Student Achievement - Represents a snapshot of performance across all subjects, on both general and alternative assessments, at an established performance standard. 


Student Progress - Provides an opportunity for diverse campuses to show improvements made independent of overall achievement levels. Growth is evaluated by subject and student group.


Closing Performance Gaps - Emphasizes improving academic achievement of the economically disadvantaged student group and the lowest performing race/ethnicity student groups at each campus or district. 


Postsecondary Readiness - Includes measures of high school completion, and beginning in 2014, State of Texas Assessments of Academic Readiness (STAAR®) performance at the postsecondary readiness standard.

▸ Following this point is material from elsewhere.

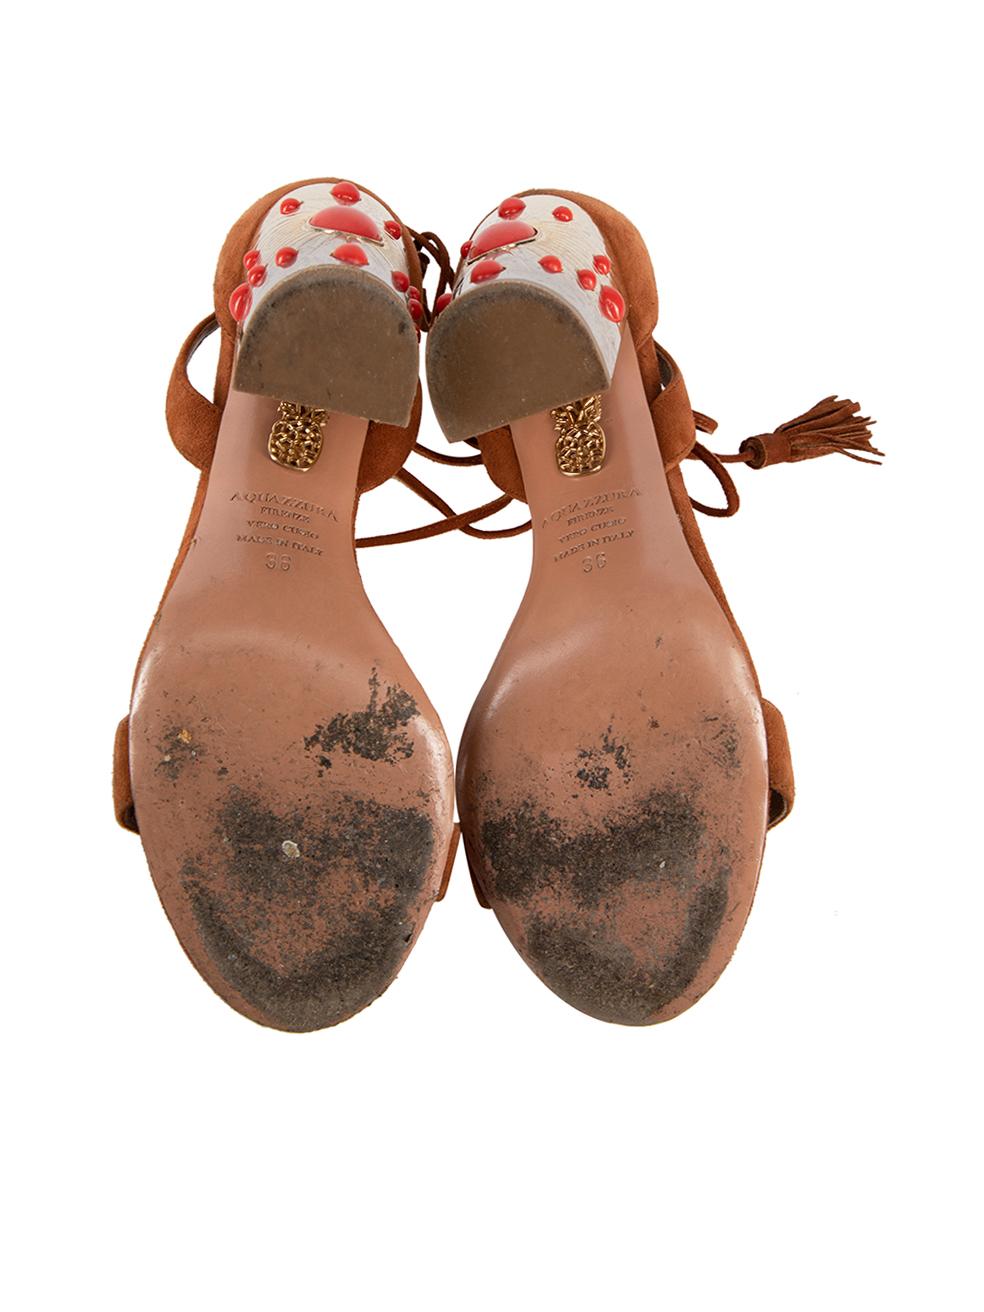 Aquazzura Brown Suede Embellished Heeled Sandals Size EU 36 Pour femmes en vente

Districts and campuses with students in Grade 9 or above must meet targets on all four indexes. Districts and campuses with students in Grade 8 or lower must meet targets on the first three indexes (excluding Postsecondary Readiness).


Greenville ISD announced enthusiastically that through the hard work of students and staff, accountability standards were met on all GISD campuses and for the district as a whole for the 2012-2013 year under the TEA system." A transition to a new accountability system comes with a great deal of uncertainty," said Commissioner of Education Michael Williams. "The 2013 ratings confirm that the vast majority of districts and campuses are meeting the state's standards and providing a quality education for our students."

Based upon official results, public school districts performed significantly better than their charter counterparts. A press release issued by the Texas Federation of Teachers stated, “By our calculation, some 15.7 percent of charters that received a rating were rated substandard (i.e., “improvement required”). The comparable figure for regular school districts: 4.9percent. Charters thus were more than three times as likely as regular school districts to be rated substandard. In fact, this comparison probably understates the lower results for charters, because more than one out of six had the benefit of an alternative, more lenient rating method unavailable to regular school districts.”

In addition to all GISD campuses and the district as a whole meeting all state standards for the 2012-2013 year under the TEA accountability system, multiple campuses were also awarded distinction ratings.

Distinction ratings are based upon comparisons with forty demographically-similar campuses. GISD was rated against
campuses from Denton, Royse City, Mesquite, Austin and New Braunfels among others.


Five of GISD’s campuses received prestigious distinction ratings. Bowie Elementary, Carver Elementary and Travis
Elementary all earned the “Top 25 Percent Student Progress” distinction. Greenville Middle School earned the “Academic Achievement in Reading/ELA” distinction. Greenville High School earned the “Academic Achievement in Reading/ELA” and “Academic Achievement in Mathematics” distinctions. Houston Education Center, L.P. Waters Early Childhood Center and the district as a whole were not eligible to receive distinctions under the new accountability system. 


"Under the new accountability system, these designations recognize outstanding work at the campus level that would not be acknowledged in previous years," stated Commissioner of Education Michael Williams. Only 42% of campuses statewide received distinction ratings.


Superintendent Don Jefferies stated, “I am very pleased with the less punitive structure of the new accountability system. The past model undermined any chance that our educators had to reform the traditional learning experience into one that better equips our students living in a world that is fast paced, embedded in technology and requires a profound mastery of digital tools.”


He continued by saying, “We must provide our students with learner center opportunities that increase their engagement and provide product oriented education. We must design work that students complete that result in students learning at a deep and meaningful level as opposed to learning for these high stakes tests that are over emphasized. Students must be the creators of knowledge, not just consumers of what teachers present to them.”